I am working on identifying the SNPs in the genome of an insect which is sequenced in three samples. Following the GATK best practice pipeline i have completed the following task.
- Quality filtered reads.
- Read Alignment for each sample eg. S1, S2, S3.
- Sort and mark duplicates in each sample S1, S2, S3.
- Realign target and Indel realinger on each sample S1, S2, S3. Now i am stuck with next steps. As it require the base recalibration (BSQR) step. which require the known database of snps. however i dont have any known snp database so i am following the alternative steps mentioned the GATK for non-model organism. That is
- I call the raw SNPs in gvcf model from each sample and then make joint calling for a final combined vcf file.

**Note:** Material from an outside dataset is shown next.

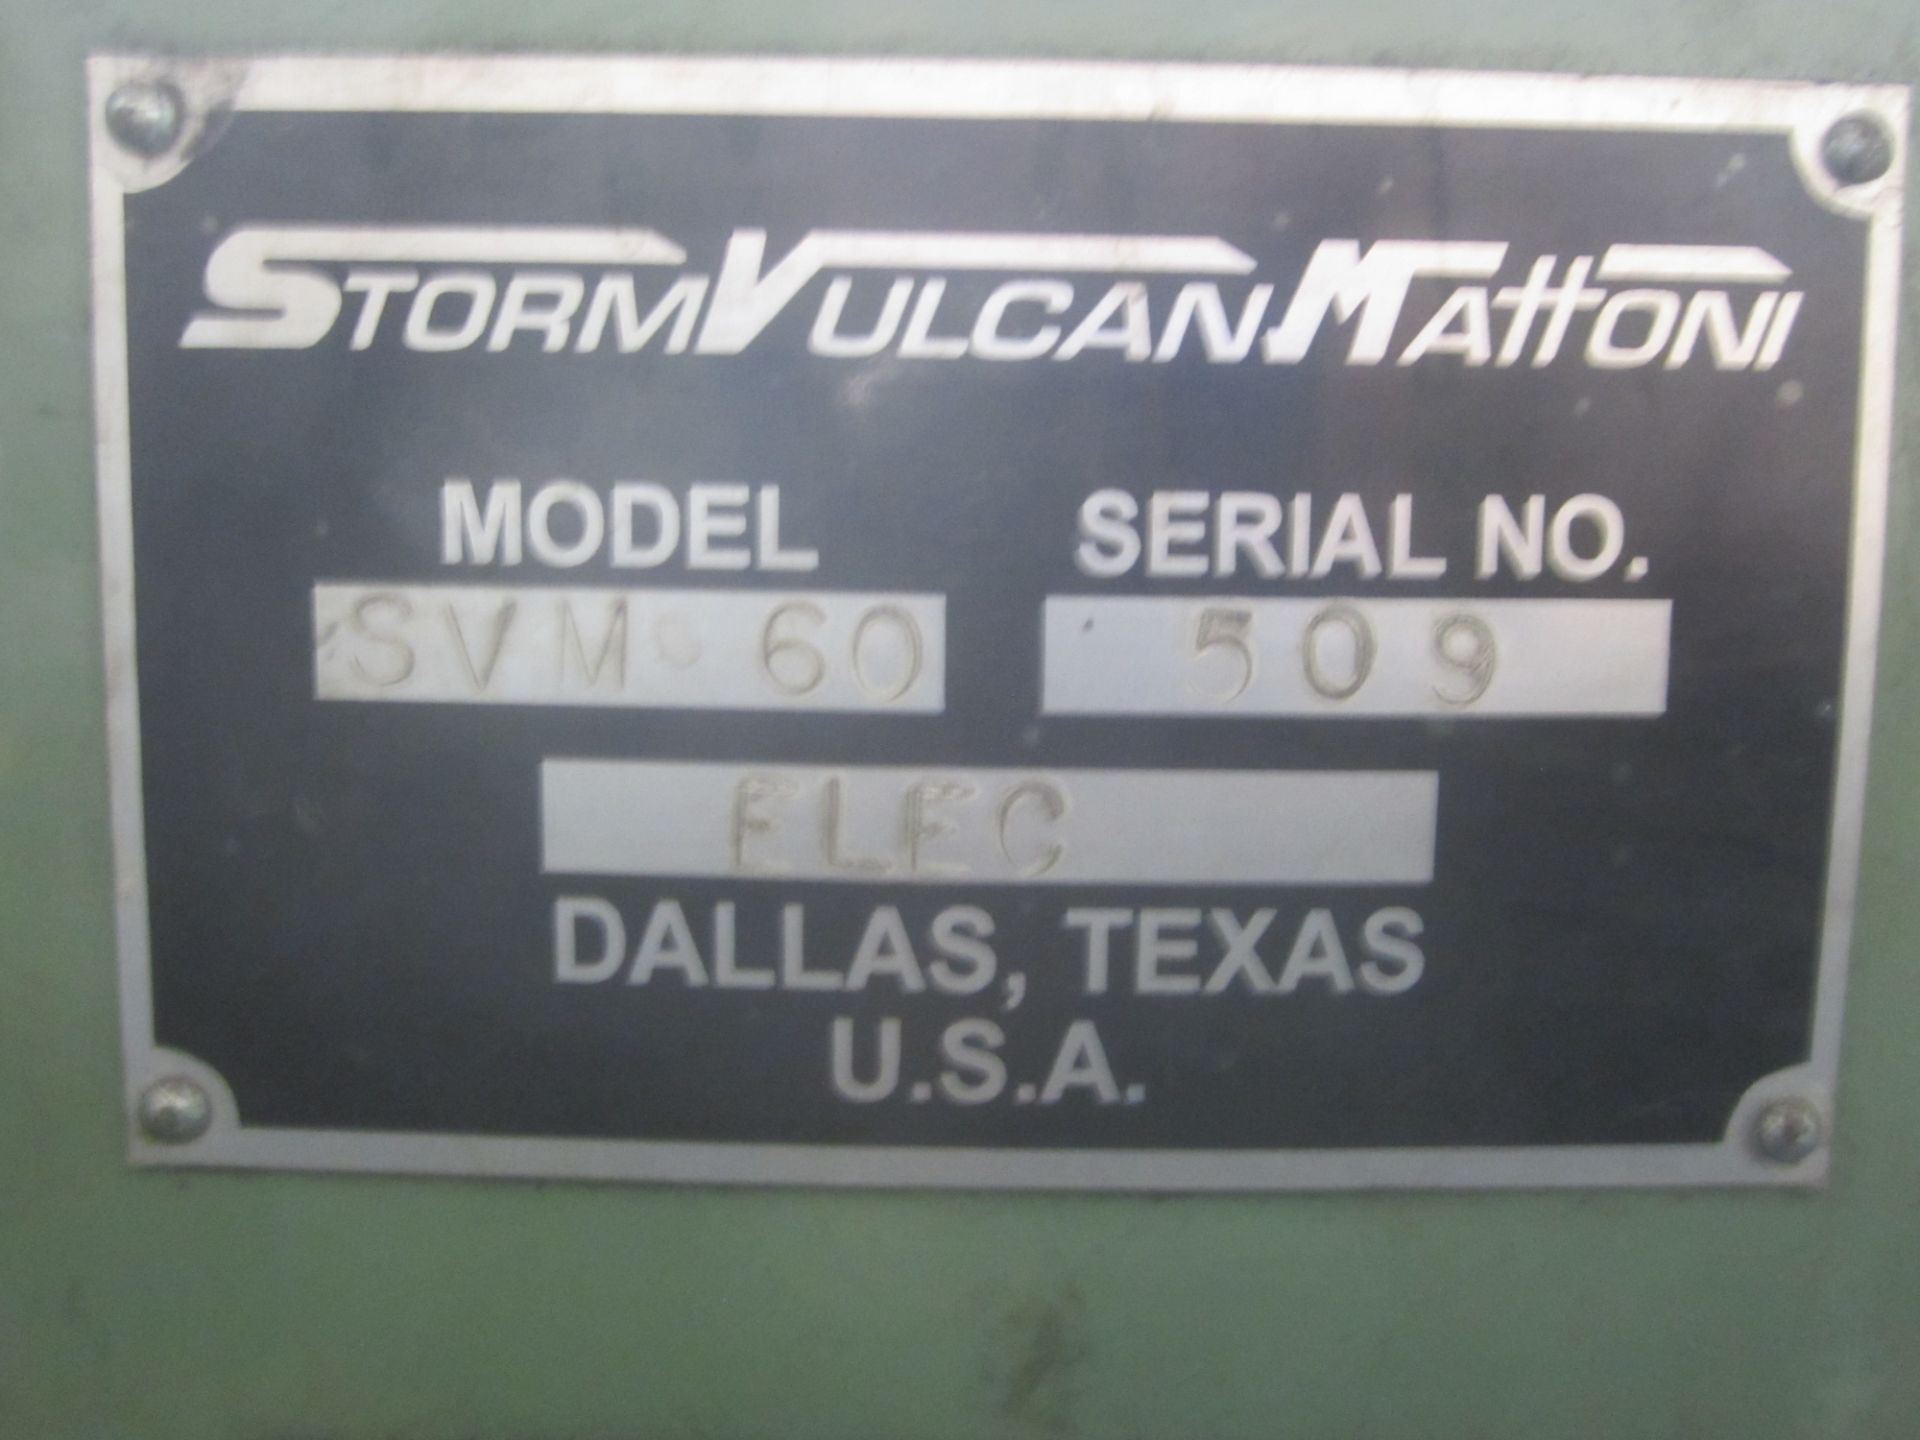 Storm Vulcan Mattoni Model SVM60 Electric Heated Jet Master Parts Washer, s/n 509, 5 HP Pump, 24" - Image 7 of 7

- Next, I applied the hard filters on this file and extract good quality SNPs and indels as a reference database of BSQR step.
Now the question is i have three realigned files S1_realigned.bam, S2_realigned.bam, S3_realigned.bam from step 4 and a reference database of SNP and Indels (if i am right) from the step 6. So how i would proceed further. Did i use against each sample separately or make a combine re-calibration table by providing all three in the same command.
Thanks Dr. Deepak
Hello deepkumar1983!
It appears that your post has been cross-posted to another site: http://seqanswers.com/forums/showthread.php?t=82707
This is typically not recommended as it runs the risk of annoying people in both communities.
If you are using GATK4 you don't need to do Indel Realignment since HaplotypeCaller performs local realignment around SNPs. Check out this post from GATK for more details.